How on earth can you calculate that accurately in the first place, and then hold the producers accountable for it after they’ve sold their product? Who knows, but I am certain it will involve lots of highly paid consultancy firms, ‘experts’ and government audits.
So what occurs to energy prices when demand keeps increasing, but new exploration and supply growth is hindered due to insufficient funding? And for good measure throw in burdensome government regulations, compliance requirements and additional taxes?
NATO
I’ve said repeatedly that the Ukraine conflict is a weapons recycling facility. Dump all the old weapons into Ukraine (and no doubt quietly rack up additional foreign and IMF debt that will need to be repaid by Ukrainians) and all the Western defence contractors get to see billions in new orders come flooding in.
But Dmitry Orlov points out why the West needs to abandon its support for Ukraine sooner rather than later:
US-made weapons tend to be overly complex (so that their makers can charge more for the useless extra features) and rather fragile (never tested against a peer adversary like Russia or China, or even against Iran), developed slowly (to clean up on R&D funding), built slowly (because what's the rush?) and very high-maintenance (so that US defense contractors can get even richer delivering spare parts and service). These weapons were supposed to be tested every so gently by giving hell to backward tribesmen armed with old Kalashnikovs and RPGs.
Ukraine is a different story altogether.

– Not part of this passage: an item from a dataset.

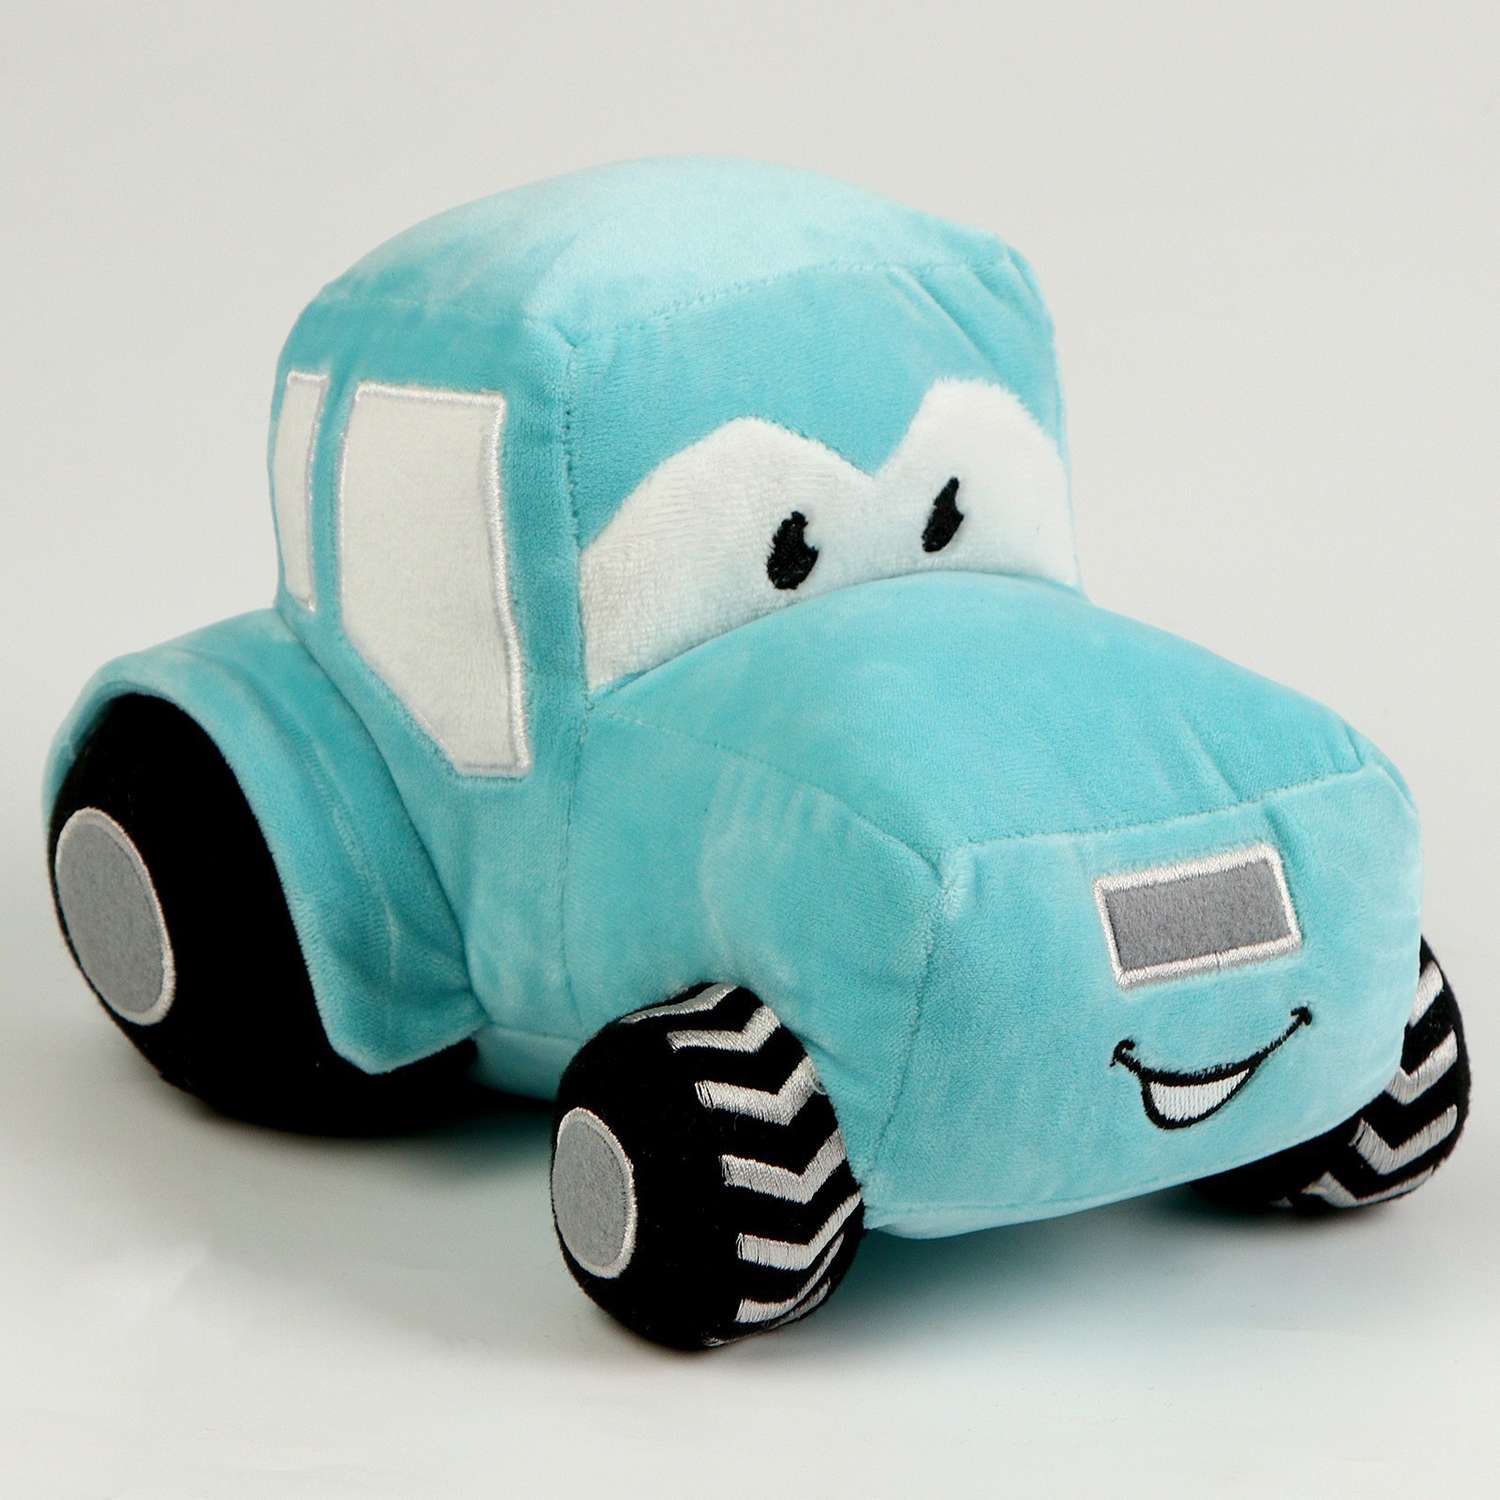 Мягкая игрушка Milo Toys «Трактор» цвет голубой - фото 3

There, the Ukrainians, with their mismatched hand-me-down Western armor, are being asked to penetrate three lines of hardened Russian defenses. After about a month of effort and staggering losses of men and equipment, they haven't yet been able to reach the first defensive line. The sight of Western armor ablaze does not make good advertising. Consequently, the US defense contractors must be very eager to stop this steady stream of negative advertising for their products to stop right this second — before their reputations end up completely ruined; hence the unseemly haste with which the entire Ukrainian project is being orphaned.
The West is being increasingly embarrassed as their wonder weapons are being convincingly destroyed on the battlefield by a supposedly inferior Russia supposedly only hours away from complete defeat, military mutiny, political turmoil, economic collapse, yadda yadda yadda…
Watching your best weaponry - the stuff you’re eagerly flogging off to other nations at inflated prices - go up in flames is bad for business of the military industrial complex. Better to move back to a cold war situation where you can trumpet how magnificent your weapons are on a controlled, domestic test ground than see the realities against a competent opponent.
Ukraine
So considering the above, here comes the pivot:
There is, of course, another American anxiety; one that is perhaps greater than the fear of drawn-out battle. That is a level of Ukrainian victory that could lead to collapse in the Kremlin and possible fragmentation and chaos across the country with potentially catastrophic geostrategic consequences and untold global economic harm. This immediate vision of doom may or may not be right – but it endures in the back of the minds of White House officials.
Oohhhhhh ok I get it! So Ukraine could have achieved outright glorious victory, but if it did, Russia would collapse and that would be a big problem, so we can’t let Ukraine win, so can only support them enough to ensure they lose the war as well as hundreds of thousands of men, so Russia who we said must be destroyed can actually triumph.
In effect, Russia will only win because the US is going to let them. Sounds plausible.
United States
In addition to the military spend above, in 2022 the United States also contributed more than USD 113 Billion to Ukraine - more than the entire Russian military budget. This shows you that throwing money at a conflict without understanding it does not engender good results.
You’d think after decades of US military failures they would learn this. The US hasn’t ‘won’ a war since WWII and that was with the Soviets doing the heavy lifting of taking out 80% of German forces.
To clarify, ‘declaring victory’ and running away - Afghanistan being the most recent example - is not a win.